Find out the character code utf-8

Question

Perhaps this is a very stupid question, but something I did not find a function that returns the character code UTF-8.

I know that we can get the ASCII code with the following code:

char our_symbol = 'v'; int number; number = (int) our_symbol;

How to get code from UTF-8?

Clarifications: There is a character code sequence that we want to recognize.

Suppose this character 'а' is a Cyrillic character.

If we translate its bytes into decimal code, we get 1байт - 208, 2байт - 176

@VladD is not interested in the character code in UTF-8, I understand that the characters in this encoding can be multibyte, so I ask how to find out the character code in UTF-8
Do you need to know the code of one character once or do you need to process the byte stream of these characters and find their codes?
@MaximPro: Well, there is no such thing as “character code in UTF8”.
There is a Unicode codepoint number and there are bytes by which this very codepoint is encoded in UTF8.

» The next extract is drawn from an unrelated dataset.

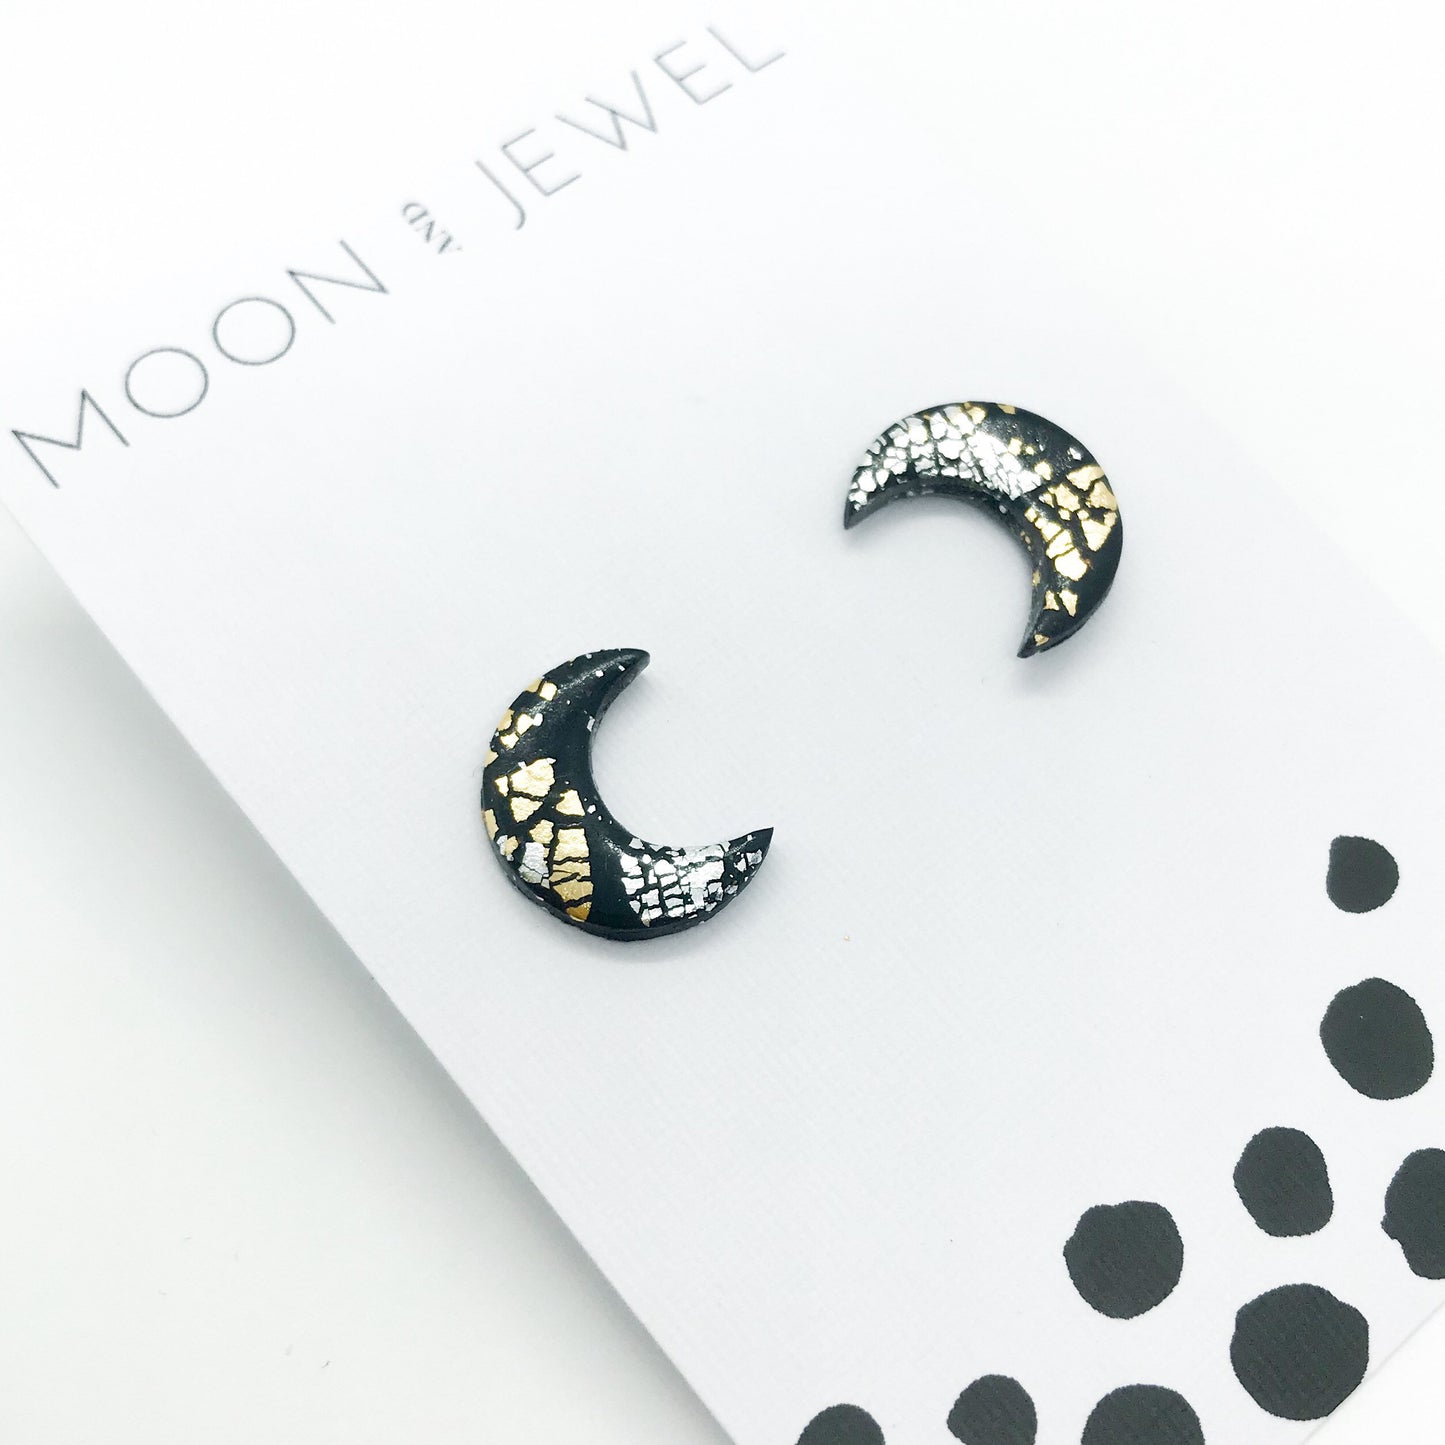 Moon earrings, polymer clay moon studs, handmade earrings, beautiful gift for her, birthday gift, secret Santa gift
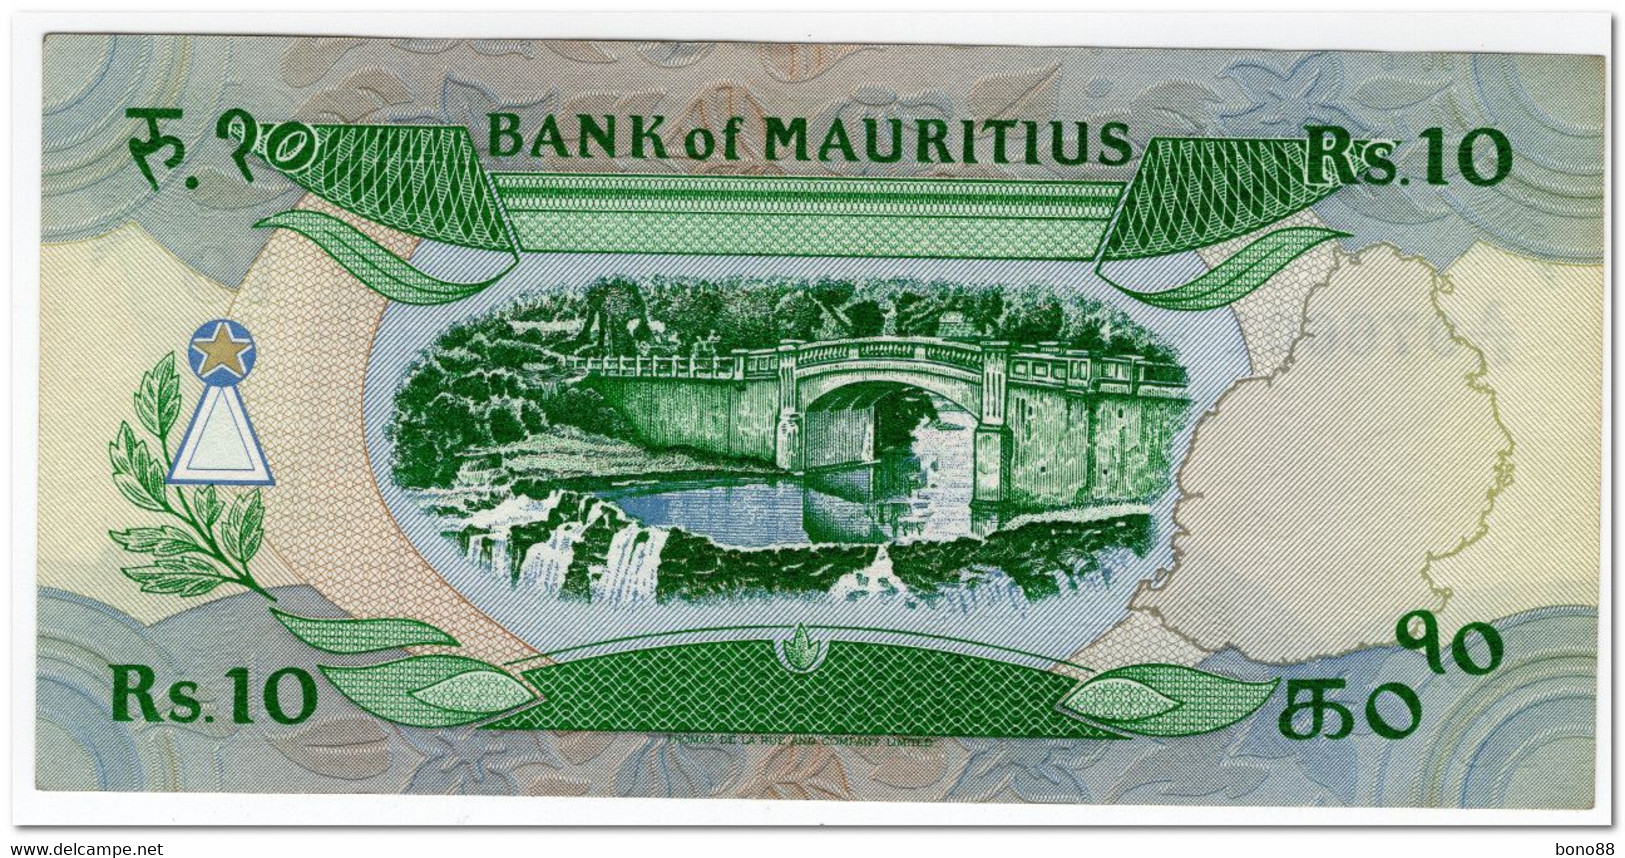 MAURITIUS,10 RUPEE,1985,P.34,XF+ - Mauritius

Accepted Answer · 2016-11-24T08:27:56

Here is a simple and refined option:

 std::string utf8Symbol = u8"Ф"; for(const auto& byte : utf8Symbol) std::cout << std::hex << (byte & 0xFF) << ' '; std::cout << '\n';

There are practically no differences from single-byte encodings: if you already have a method for extracting individual characters, you simply take each of them and extract all the bytes, one by one.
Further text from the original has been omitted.